Die Damen der HSG Isar-Loisach feiern einen deutlichen 30:8-Heimsieg gegen den VfL Buchloe. Trotz des klaren Ergebnisses verdient der Gegner großen Respekt: Der VfL trat mit einer komplett neu gegründeten Damenmannschaft an und zeigte über 60 Minuten Kampfgeist, Einsatz und beeindruckende Motivation. Genau solche Teams braucht der bayerische Handball – und wenn Buchloe dranbleibt, werden die Ergebnisse in ein paar Jahren sicher nicht mehr so eindeutig aussehen.
Sportlich verlief die Partie weitgehend einseitig. Die HSG kam zwar selten dazu, ihre geplanten Spielzüge oder Auslösehandlungen auszuspielen, doch das lag vor allem daran, dass der Durchbruch bereits im Druckaufbau gelang oder sich Tempogegenstöße boten, bevor es überhaupt zum Spielaufbau kam. Dennoch bleibt festzuhalten, dass die Chancenverwertung deutlich Luft nach oben lässt; ein höheres Ergebnis wäre möglich gewesen.
Positiv hervorzuheben ist die breit verteilte Torausbeute: Fast alle Feldspielerinnen trugen sich in die Torschützenliste ein, was die mannschaftliche Geschlossenheit unterstreicht.

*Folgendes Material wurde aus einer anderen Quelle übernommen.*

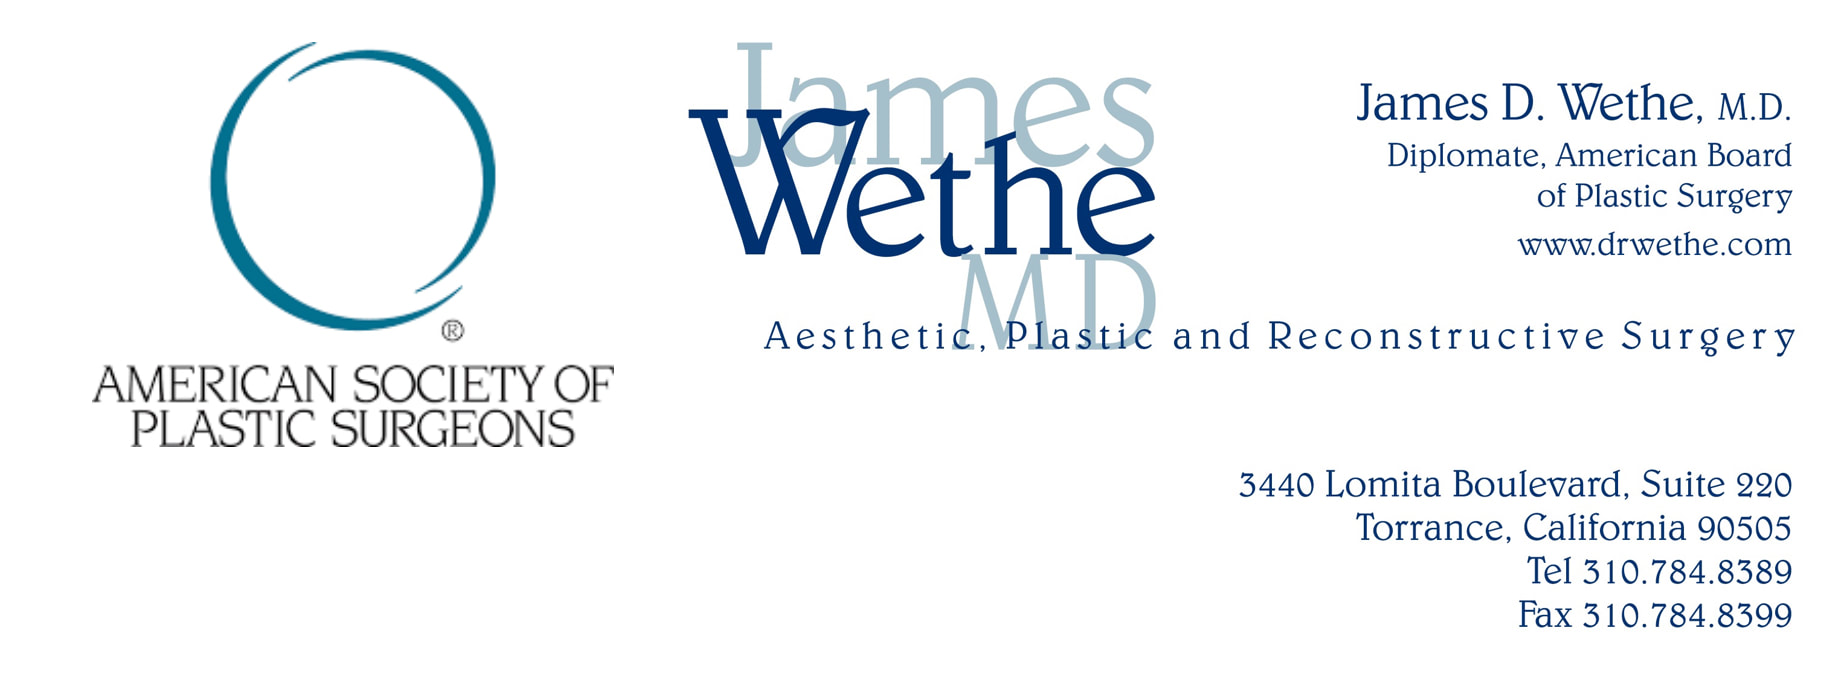 James D Wethe, MD letterhead logo 3440 Lomita Boulevard, Suite 220, Torrance California 90505 Tel. 310-784-8389, Fax. 310-784-8399; Diplomate American Board of Plastic Surgery, wwww.drwethe.com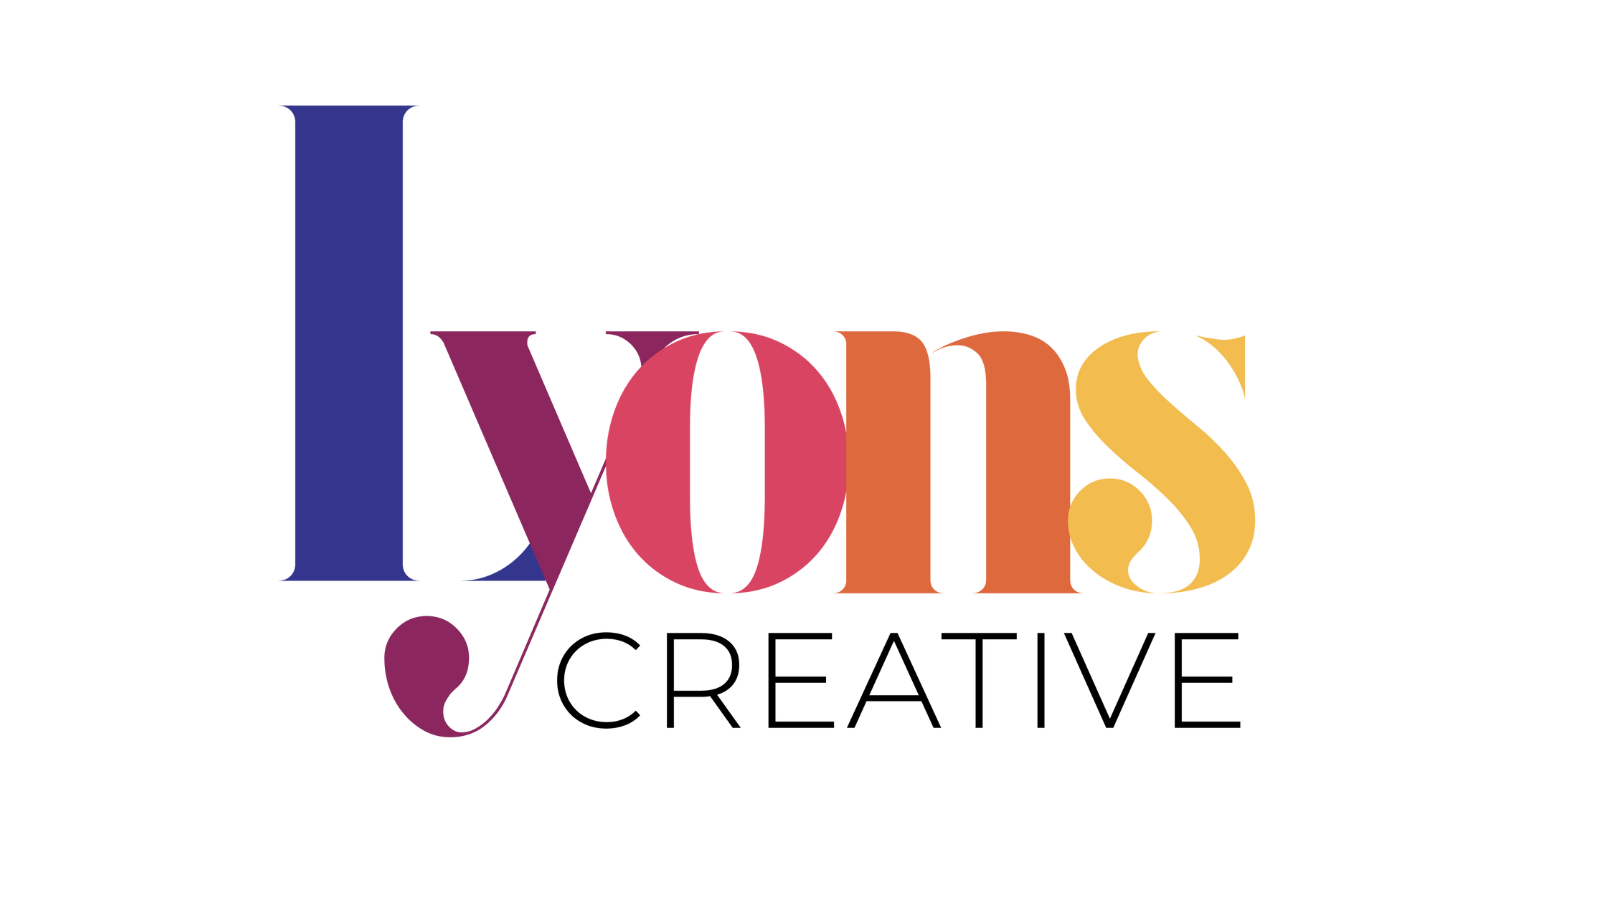 Lyons creative logo.

Mit Blick auf das kommende Auswärtsspiel gegen Fürstenfeldbruck braucht es eine klare Leistungssteigerung. Vor allem die Abschlüsse müssen konsequenter genutzt werden, wenn die HSG dort Punkte mitnehmen will.
Für die HSG spielten:
Lisa Günther (Tor),
Hannah Werner (5), Franziska Hentschel (4), Yvonne Goß (4), Anica Rothaug (4/1),
Laura Sauer (3), Carolin Lerche, Magdalena Münster (2), Lilly Groß (1),
Franziska Nailis (1), Anja Gromen (4), Nadine Ankershoffen (2).